### ACTIVITY
Using the data that follows, give again word for word the lines between the one holding "trắng biên giới" and the one holding "さいたま市が『ツール・ド・フランス サイクルシティ』ラベルを授与 アジアの都市では初の認定", inclusive. Omit the pictures.

### EXERCISE MATERIALS

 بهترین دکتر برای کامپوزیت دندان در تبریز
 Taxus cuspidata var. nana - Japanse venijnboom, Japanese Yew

==

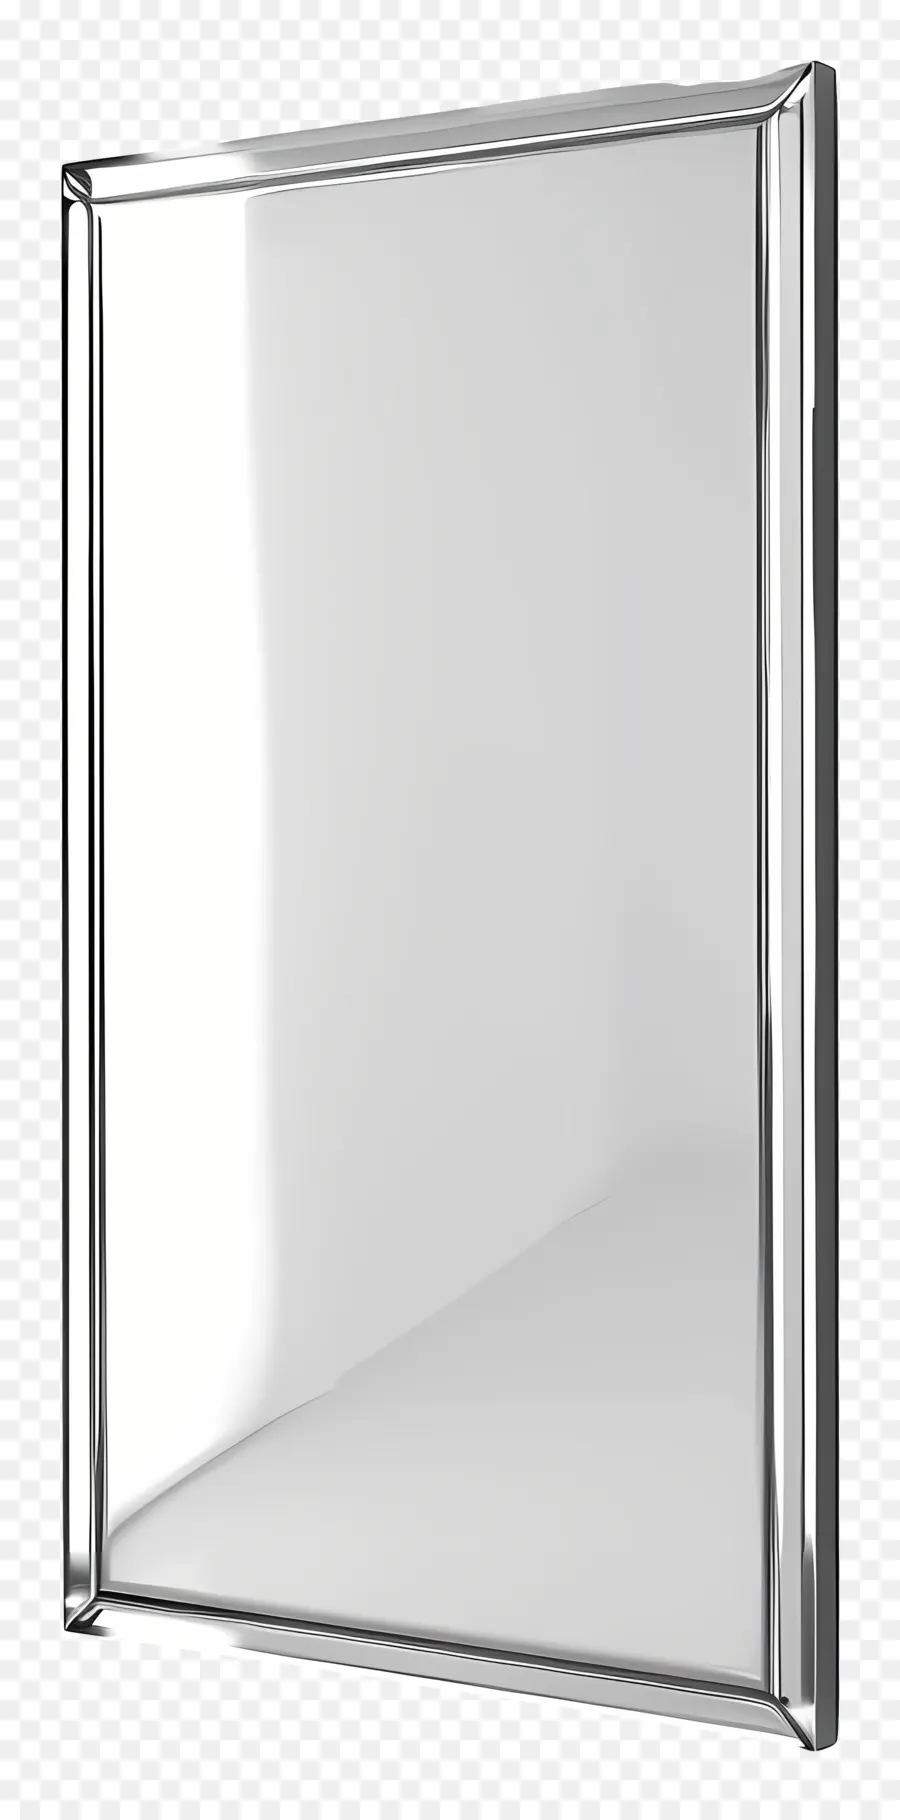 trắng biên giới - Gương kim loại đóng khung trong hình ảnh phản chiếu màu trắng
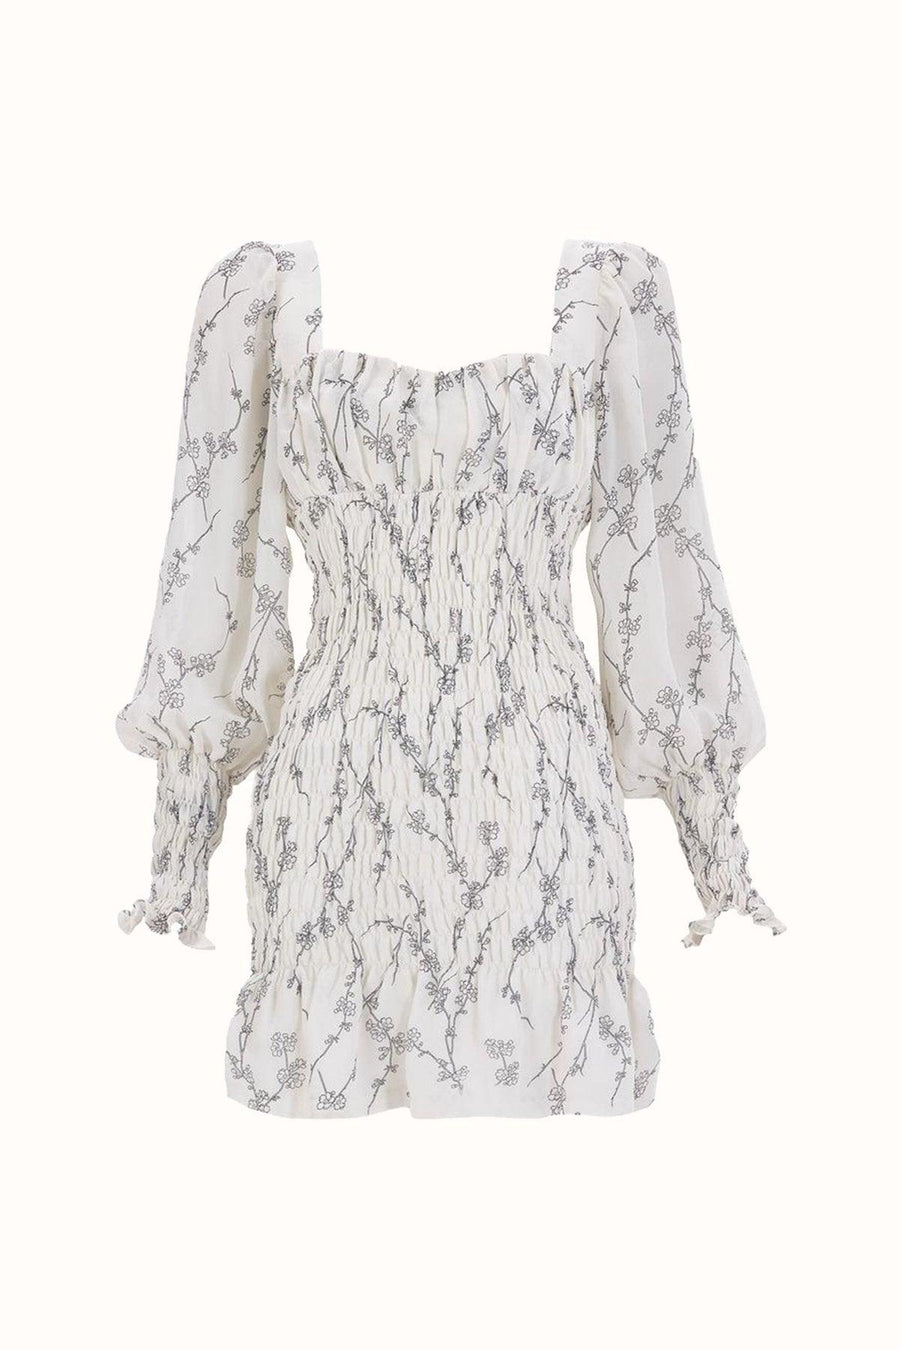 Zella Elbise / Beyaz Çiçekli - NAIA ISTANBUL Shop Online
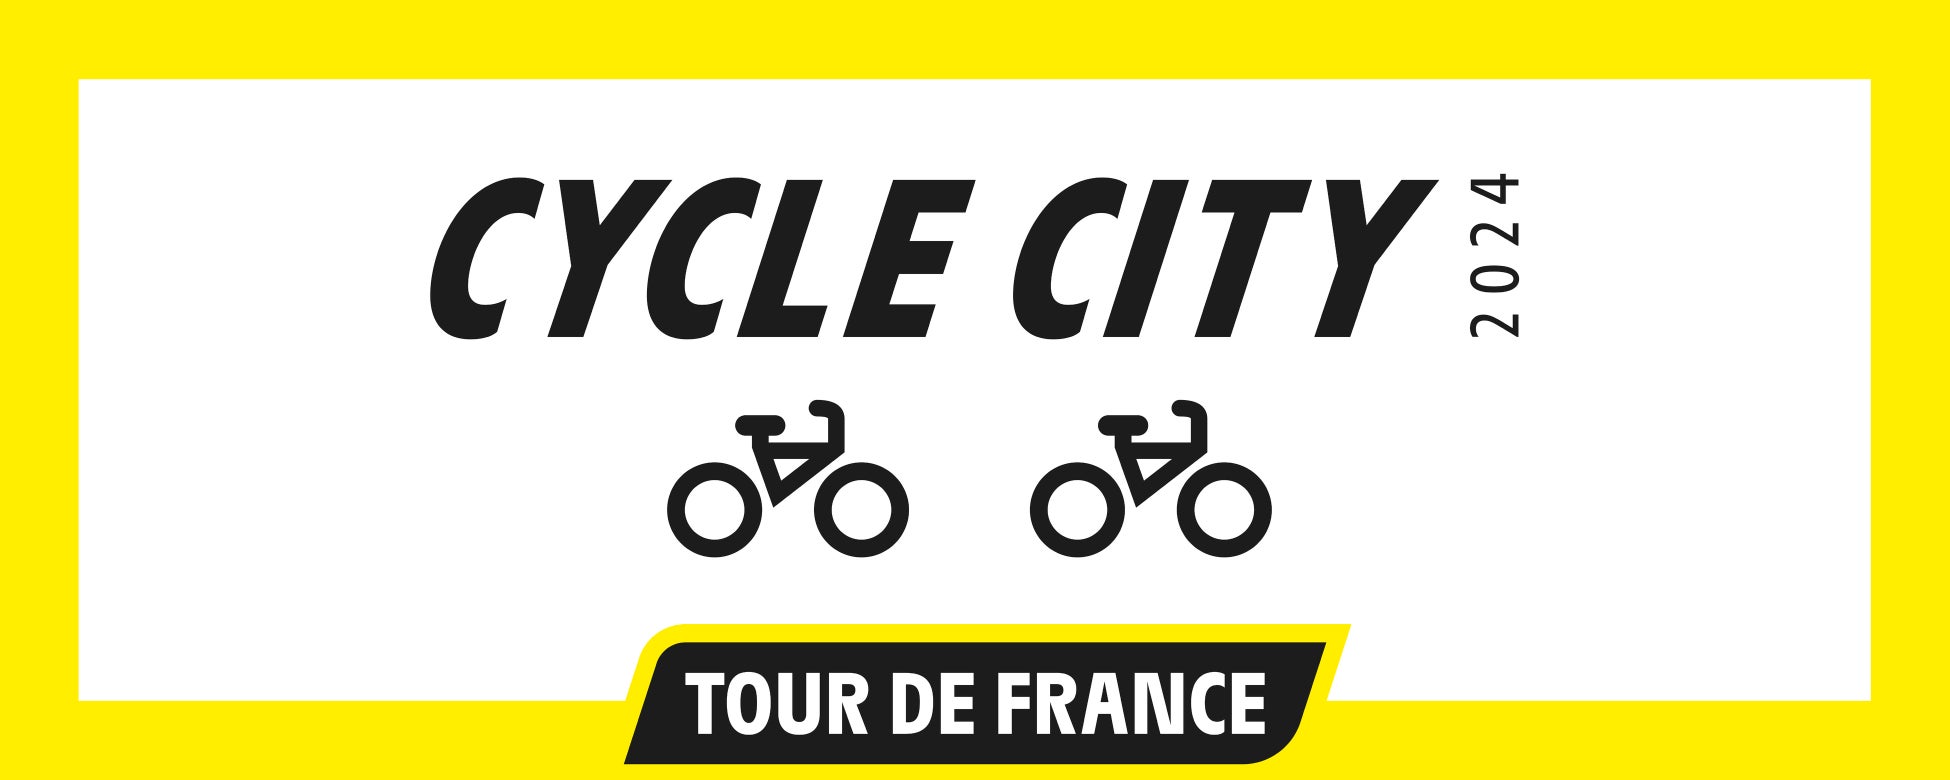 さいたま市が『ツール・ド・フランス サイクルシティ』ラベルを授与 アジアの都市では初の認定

### ANSWER TO THIS EXERCISE
 trắng biên giới - Gương kim loại đóng khung trong hình ảnh phản chiếu màu trắng
 Zella Elbise / Beyaz Çiçekli - NAIA ISTANBUL Shop Online
 さいたま市が『ツール・ド・フランス サイクルシティ』ラベルを授与 アジアの都市では初の認定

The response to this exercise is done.